- Born: 16 February 1931 Vouzela, Portugal
- Died: 17 November 2024 (aged 93)
- Occupations: Singer, actor
- Instrument: Vocals
- Years active: 1954–early 1990s

= Paulo Alexandre =

Portuguese singer (1931–2024)

Paulo Alexandre (16 February 1931 – 17 November 2024) was a Portuguese singer.

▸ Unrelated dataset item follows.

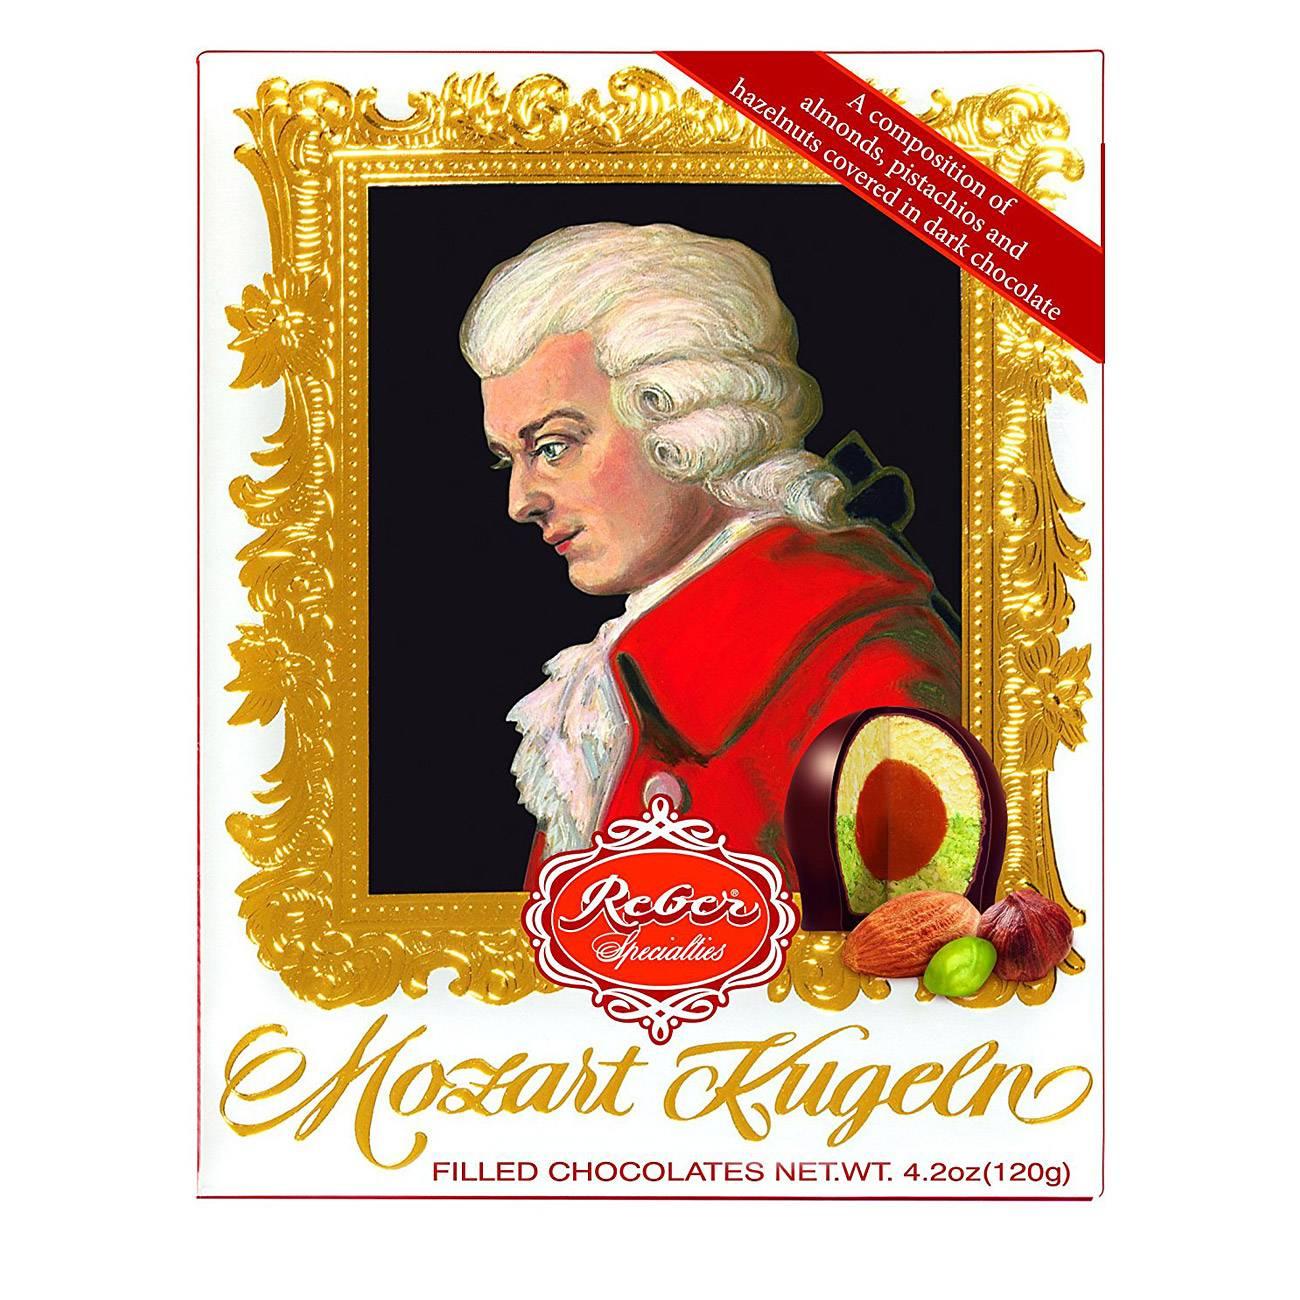 355 MOZART-KUGELN CHOCOLATES 120 Grame

Alexandre started his artistic career in 1954 on National Radio. Together with António Sala they started Rossil records, Verde Vinho gained two gold discs in 1978 and 1979, before also being a big hit in Brazil also going gold.

In 2010, Paulo published the book "Duas Vidas numa Só", subtitled "Entre Cifrões e Canções", which includes accounts of his artistic career and also his successful career as a banker. The Compact Records released a CD with some of the most successful songs of the artist.

Alexandre died on 17 November 2024, at the age of 93.

==Discography==

===Albums===
- Eu e o Outro (LP, Transmédia) VLP 50.002
- Canções Da Minha (CD)
- Melhor dos Melhores nº 90 (CD)
- Tributo (CD, Polygram, 1991)
- Canções da Minha Saudade, vol.1 (CD, Movieplay, 1993)
- Verde Vinho - Colecção Caravela (CD, EMi)
- O melhor dos melhores #90 (CD, Movieplay, 1999)
- Verde Vinho (CD, Compact, 2010)

===Singles and EPs===
- Agora Ou Nunca/Ana Cristina/Escravo/Nocturno (EP, Alvorada) AEP 60533
- Dancemos O Twist/Horizonte de Esperança/T-4/Galope (EP, Alvorada) AEP 60615
- Estranhos Na Noite (EP, Alvorada)
- História de Amor/Um Dia, Amor (Orfeu)
- Concerto Para Ti/África (O Primeiro Do Emigrante) (Single, Orfeu, 1976) KSAT 554
- Verde Vinho/Vem Valsar Com o Papá (Single, Rossil, 1977) Ross 7001
- Oferece As Tuas Mãos/Foi Tudo (Single, Rossil, 1978) Ross 7007
- Voltei Para Ficar/Rosas Vermelhas Para O Meu Amor (Single, Rossil) Ross 7010
- Meninos da Cidade/ Gaiato de Lisboa (Single, Rossil) Ross 7021
- Aquela Cativa/Alma Perdida (Single, Rossil) Ross 7066
- Vem Comigo a Portugal / Ven conmigo A Portugal (Single, Rossil, 1979)
- Vede Minho (Single, CBS, 1983)
- Verde Vinho (New recording/Verde Vinho (orchestral version) (Single, CBS) CBS A4446
- Guitarra Minha Amiga/Versão Instrumental (Single, Polygram, 1987)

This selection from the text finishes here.